October 2025
I Was Made for Loving You
The boys are staying overnight at their dad’s apartment for the first time. A perfect opportunity, I’m sure, for my ex to introduce them to his twenty-five-year-old tart.
Flopped on my bed upstairs and partway through the Carol Burnett Show, I think I’m hallucinating when I see Gene Simmons hovering outside my bedroom window and tapping at the screen. After all my yapping to the kids: “No, the members of KISS don’t really have magical powers.” “The blood stuff is fake.” “All that flying in their tv concerts is staged.”
Maybe Gene got our address from fan letters from the boys. Perhaps the Universe thinks I deserve a dash of spice in my life. Something more thrilling than mediating sibling disputes, washing never-ending piles of clothes, and chasing child support payments from a man who abandoned our life together in search of fun.
Gene and I are having a nice chat through the window when he asks me to invite him in. I glance around at the cheap veneer bedroom set, pilled chenille bedspread and sagging mattress I used to share with my serial impregnator. I catch Gene giving me a naughty smirk. Surely this tall strapping young rock star has no interest in kneading my middle-aged, weighted-sock breasts?
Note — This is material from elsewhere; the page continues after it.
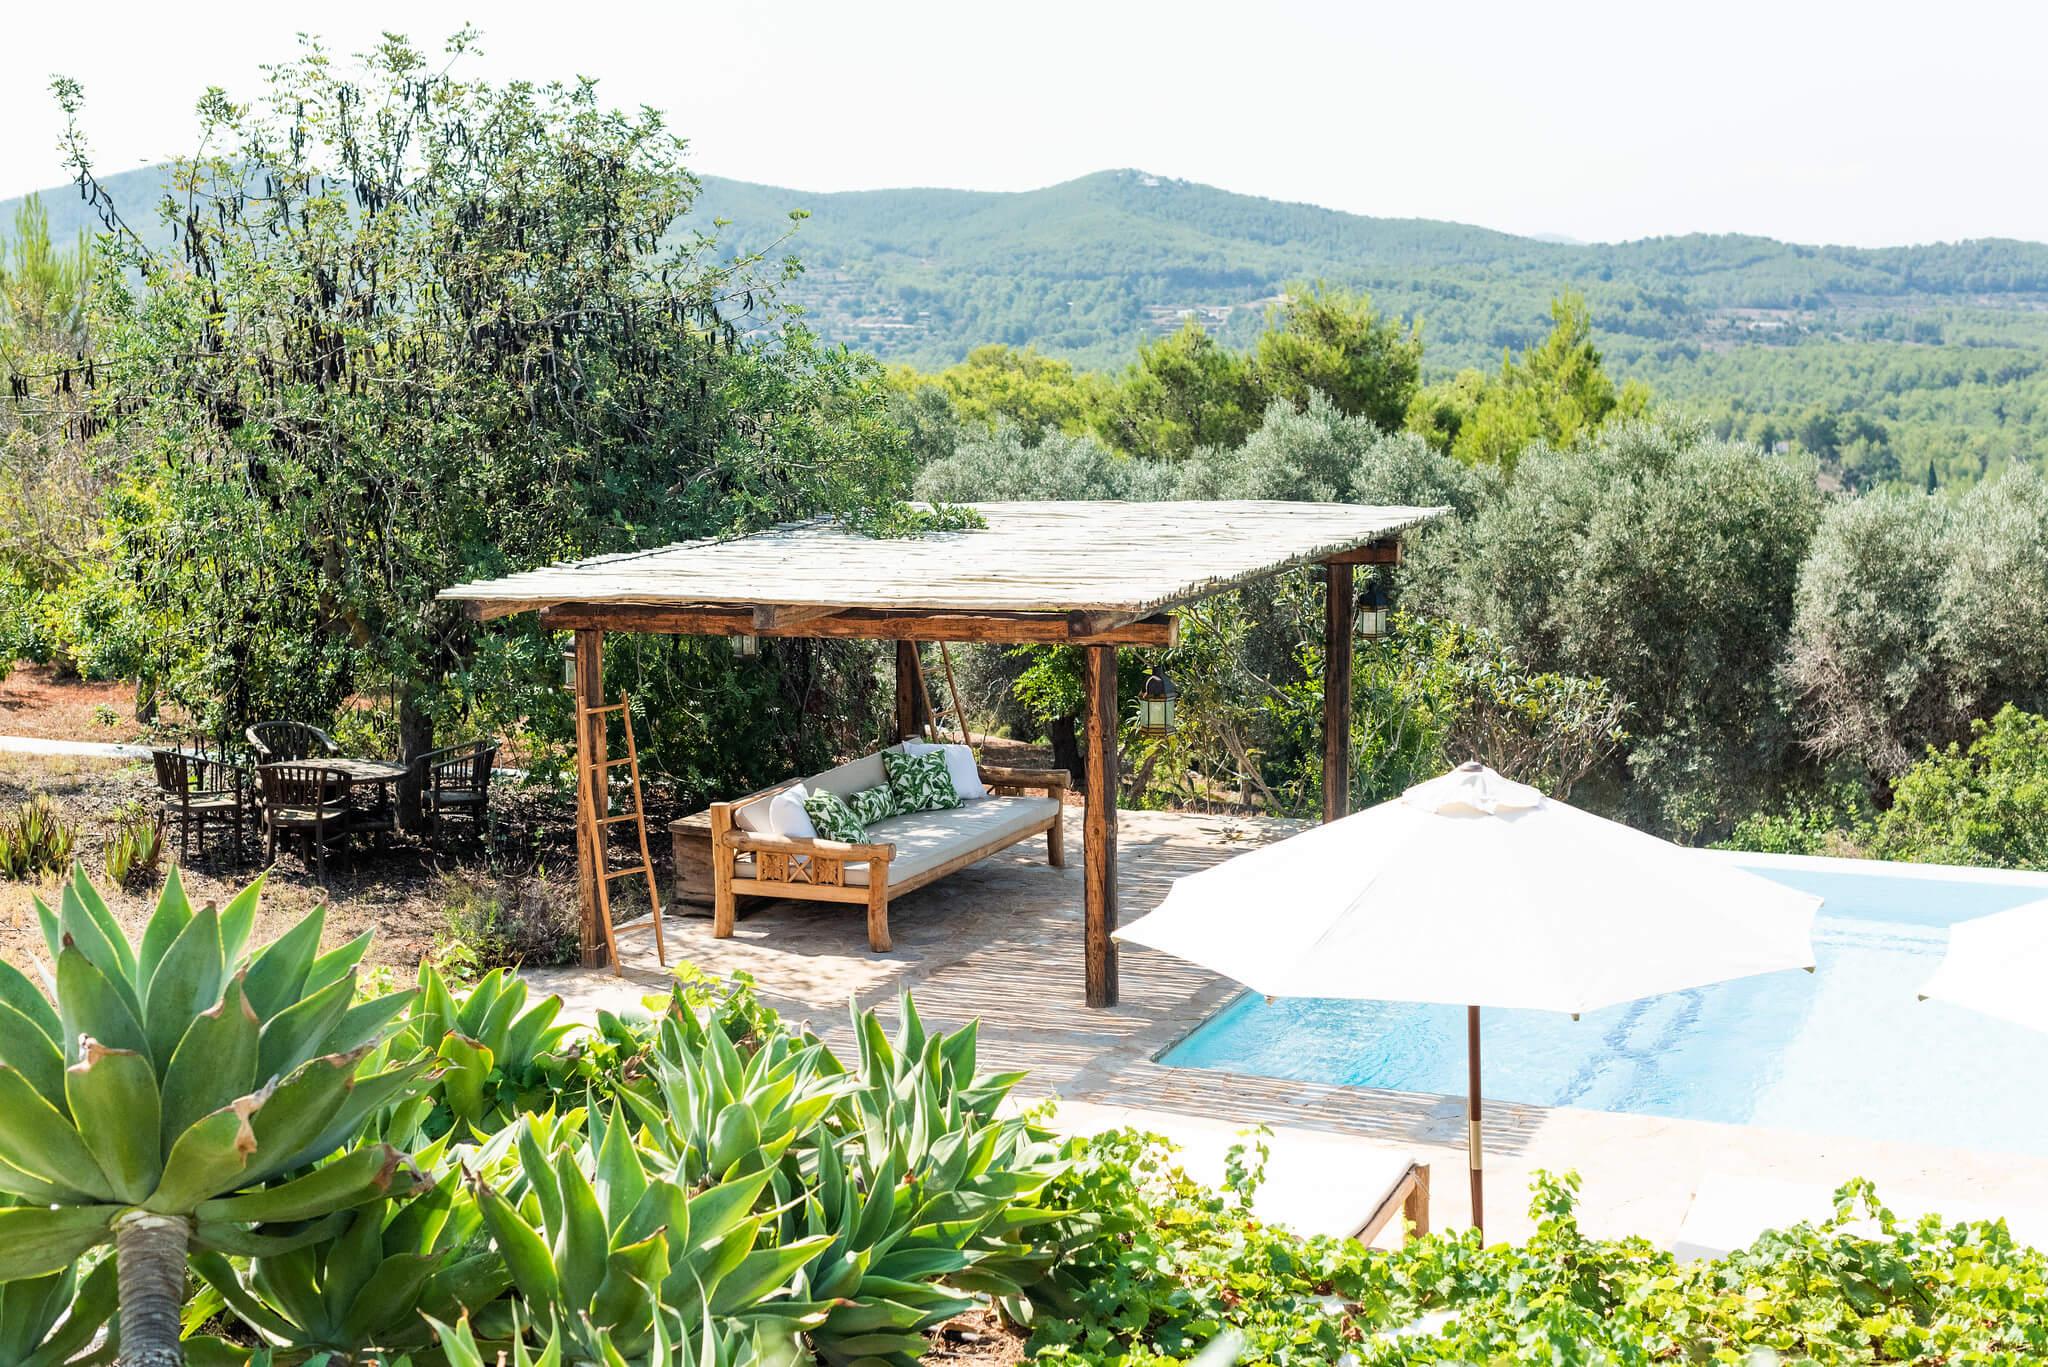 https://www.white-ibiza.com/wp-content/uploads/2020/05/white-ibiza-villas-can-lavanda-poolside-chill-out.jpg

I insist Gene come downstairs to the salon so we can get to know each other properly. Gene swears he’s “never met a lady” like me before.
“This is nice,” Gene says, between swigs of TaB cola as we sit side-by-side on the Chesterfield. “Sometimes, I just like to feel like a regular person, you know?” Our fingers brush and he lightly squeezes my hand as he reaches for the Jiffy Pop popcorn. Butter-flavored oil dribbles down his chest and I suppress the urge to dab a napkin to his lush chest hair.
* * *
The next time he visits, Gene is without makeup, and I find myself marvelling at his curved cheekbones and nougat-y lips. If I didn’t know he was a rock star in his mid-twenties, I might have wondered what grade he was in. His poor eyes, though, are red and beady behind heavy lids. Apparently, the stress of feuding with his drummer, Peter Criss, has been affecting his sleep.
“Why don’t you go to the guest room and have a wee nap?” I ask him.
He perks up and asks if I’m joining him. If I’d been a teenaged mother, I could have a child close to his age now. Maybe my sleazeball ex doesn’t object to scarring young people by exposing them to his aging flesh, but I can’t, in good conscience, inflict such horror on this taut, handsome young man.
“I don’t think that’s a good idea,” I say.
Gene’s face falls.
“I’ll tuck you in, though.”
I pull the comforter tight under his chin and he’s snoring by the time I close the door.
* * *
At first, the boys were thrilled to finally meet Gene. I fessed up that he had been coming around when they found hand towels caked with black and white makeup in the guest bathroom. Gene and I told the boys that, yes, the KISS band members have powers and can fly. We said the blood is fake though— little white lies never hurt anyone.
On the nights I expect Gene will visit, I find myself going all out. So far, his favourite is chicken breasts with rice, smothered with a sauce I make with my favourite go-to ingredients— Campbell’s cream of mushroom and Lipton dried onion soup mix.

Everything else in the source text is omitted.